Risk configurations for anxiety symptoms among medical postgraduate students: A fuzzy-set qualitative comparative analysis.

Huang L, Kou J, Zhang Y … +4 more , Chen N, Chen J, Zhou X, Wu Y

J Affect Disord · 2026 Jun · PMID 42248534 · Publisher ↗

BACKGROUND: Medical postgraduate students face heightened risks for anxiety disorders due to intense academic and clinical demands. Previous studies, largely relying on regression models, may overlook the complex interpl... BACKGROUND: Medical postgraduate students face heightened risks for anxiety disorders due to intense academic and clinical demands. Previous studies, largely relying on regression models, may overlook the complex interplay of multiple risk factors. This study aims to identify combinatorial conditions (configurations) sufficient for anxiety symptoms using fuzzy-set qualitative comparative analysis (fsQCA). METHODS: A cross-sectional survey was conducted among 1116 medical postgraduate students in China. Data on demographic, academic, work-related, lifestyle, and psychological factors were collected. Anxiety symptoms were assessed using the Generalized Anxiety Disorder 7-item scale (GAD-7). A series of multivariate linear regression models were fitted to examine variable associations preliminarily.

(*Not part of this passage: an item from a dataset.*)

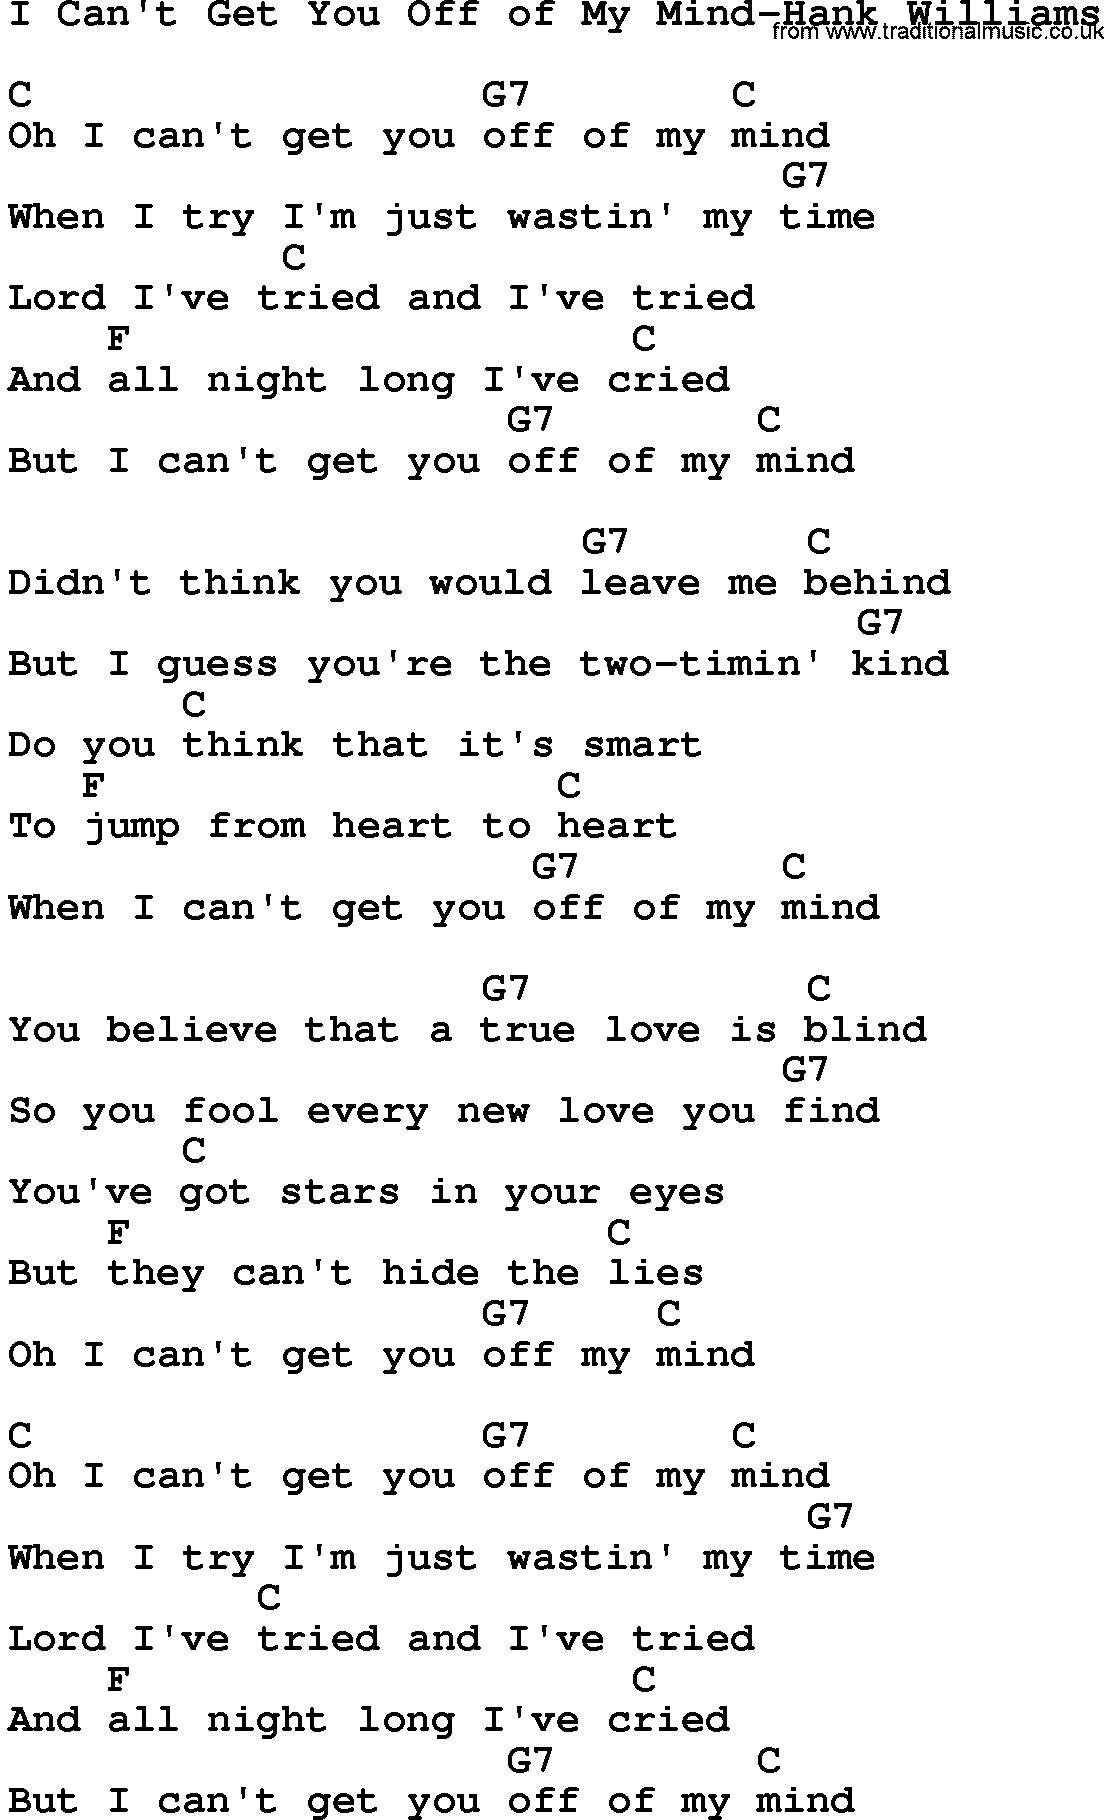 Country music song: I Can't Get You Off Of My Mind-Hank Williams lyrics and chords

Subsequently, fsQCA was employed to identify combinatorial conditions, analyzing five key factors: financial hardship (FH), long workdays (LW), physical exercise (PE), psychological resilience (PR), and adverse academic events (AAE). RESULTS: No single condition was necessary for anxiety. Three sufficient configurations were identified, explaining 24.6% of cases (overall coverage = 0.246, consistency = 0.811): 1) FH × ~PR × AAE (consistency = 0.847); 2) FH × LW × ~PR (consistency = 0.855); 3) LW × ~PE × ~PR × AAE (consistency = 0.862). Low psychological resilience was a core component across all configurations. LIMITATIONS: The cross-sectional design precludes causal inference, and the single-center sample may limit generalizability. CONCLUSIONS: Anxiety symptoms among medical postgraduate students arises from distinct combinations of academic, work patterns, and personal factors, rather than from any single factor. Interventions could consider moving beyond isolated variables to address synergistic risk profiles, with resilience training as a potential component.